This is the mail archive of the
gcc-bugs@gcc.gnu.org
mailing list for the GCC project.
[Bug c++/57925] New: discrete_distribution can be improved to O(1) per sampling
- From: "yangzhe1990 at gmail dot com" <gcc-bugzilla at gcc dot gnu dot org>
- To: gcc-bugs at gcc dot gnu dot org
- Date: Thu, 18 Jul 2013 11:41:34 +0000
- Subject: [Bug c++/57925] New: discrete_distribution can be improved to O(1) per sampling
- Auto-submitted: auto-generated
http://gcc.gnu.org/bugzilla/show_bug.cgi?id=57925
Bug ID: 57925
Summary: discrete_distribution can be improved to O(1) per
sampling
Product: gcc
Version: 4.8.1
Status: UNCONFIRMED
Severity: enhancement
Priority: P3
Component: c++
Assignee: unassigned at gcc dot gnu.org
Reporter: yangzhe1990 at gmail dot com
Current implementation of discrete_distribution employs a strait-forward
algorithm by partial_sum and std::lower_bound, which is an O(log n) per sample
algorithm. It can be improved to an O(1) per sampling, by using the pair and
alias method, just like what GSL did.
The (log n) factor of std::lower_bound is large even for n = 3.

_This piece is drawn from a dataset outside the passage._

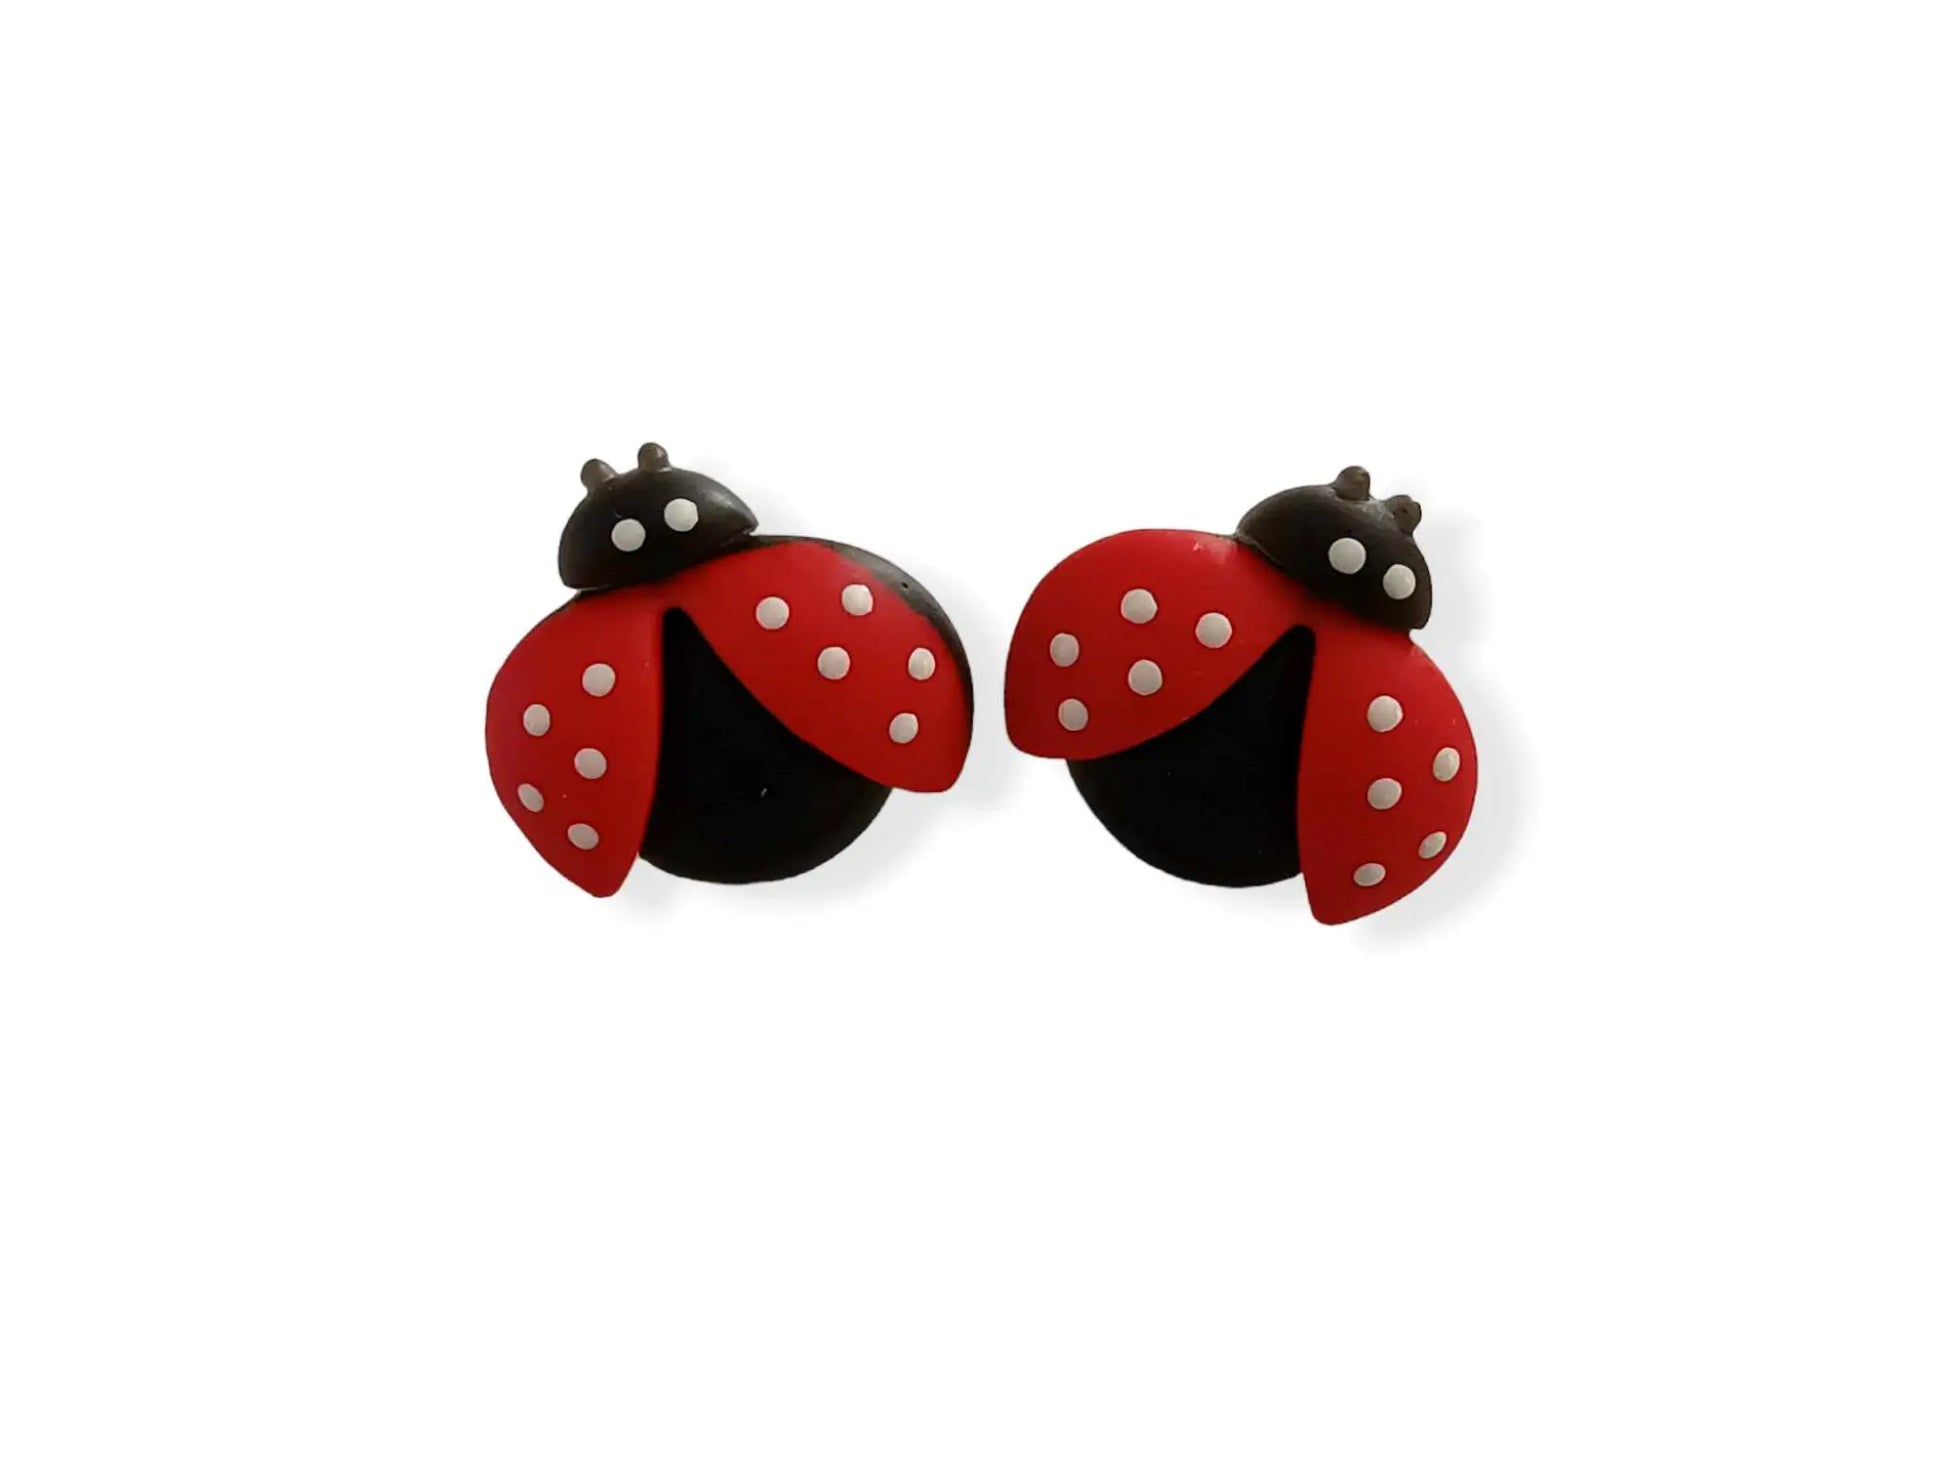 Charming Ladybird Resin Earrings - A Novelty Delight! - Image #1

The algorithm is relatively simple, and you will definitely enjoy implementing
it. Here's my sample code. Although it's quite informal, but I hope you can be
convinced that the effort of this improvement is small but its so great to have
it in the STL.
class my_discrete_distribution {
private:
vector<double> paired;
vector<double> weight;
uniform_real_distribution<double> u;
public:
template<class InputIterator>
my_discrete_distribution(InputIterator begin, InputIterator end)
{
for (; begin != end; ++begin)
weight.push_back(*begin);
int size = weight.size();
vector<int> small(size);
int small_cnt = 0;
for (int i = 0; i < size; ++i) {
weight[i] *= size;
if (weight[i] <= 1)
small[small_cnt++] = i;
}
paired.resize(size);
for (int i = 0; i < size; ++i)
paired[i] = i;
for (int i = 0; i < size; ++i) {
double w = weight[i];
if (w > 1) {
int j; int p;
for (j = small_cnt - 1; j >= 0 && w > 1; --j) {
p = small[j];
paired[p] = i;
w -= (1 - weight[p]);
}
small[j + 1] = i;
small_cnt = j + 2;
weight[i] = w;
}
}
u.param(uniform_real_distribution<double>(0.0, size + 0.0).param());
}
template<class RNG>
int operator() (RNG &rng) {
const double a = u(rng);
int int_part = (int)a;
if (a - int_part >= weight[int_part])
return paired[int_part];
else
return int_part;
}
};